SAP Data Intelligence Cloud : How to use R Kernel ...

VinayBhatt · ‎12-14-2020

You might already know that you can build complex Machine Learning scenarios as part of your Data Value Journey with SAP Data Intelligence . If not then look at the blog post by andreas.forster and ingo.peter on how to create your first ML scenario in SAP Data Intelligence using Python & R :

SAP Data Intelligence: Create your first ML Scenario

SAP Data Intelligence: Create your first ML Scenario with R

In this blog post you will learn how to start R Kernel inside Notebook in SAP Data Intelligence Cloud to perform Data exploration and Free-Style Data Science and also to test R code before using it in the R Operator available in pipeline modeler.

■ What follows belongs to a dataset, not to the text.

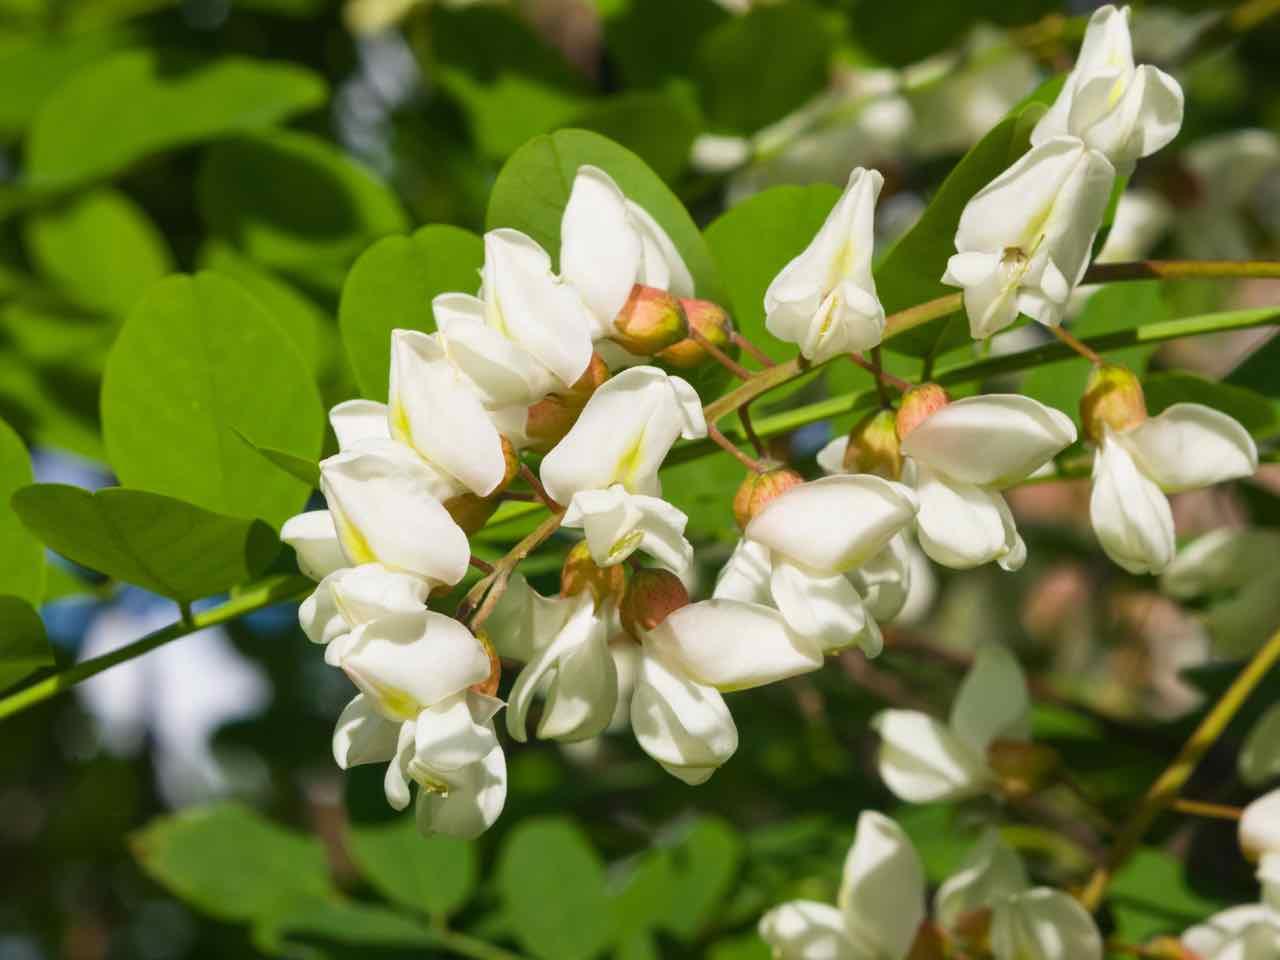 Robinia pseudoacacia - Acacia - Robinia - Black locust - Gustorotondo Italian food boutique

Although R Kernel is not yet officially available in SAP Data Intelligence Cloud notebook (as of version 2010.29.9) , this blog post will guide you to install one using "conda" on python and will also present a way to load data sets stored in DI DATA LAKE using R library - "reticulate".

Launch Notebook inside your ML SCENARIO

Launch a Notebook session inside your ML Scenario:

Select Python 3 Kernel :

Install R Kernel

Use below "Conda" command to install the R-Kernel :

Note -y option here is for the silent install. (else we get prompted to enter "y"/"yes" to begin the install)

!conda install -y -c  r r-irkernel

All required/dependent packages will be installed and the final summary is as below :

Install Required R Packages

Before you begin using the newly installed R kernel, remember that the base R install won't have all packages that you need ,for example look at below R code snippet requiring dplyr, sqldf,readxl etc

library("sqldf")

library("dplyr")

library("cluster")

library("tidyverse")

library("reshape2")

library("excel.link")

library("RODBC")

library("randomForest")

library("car")

Let's first learn how to install such R packages.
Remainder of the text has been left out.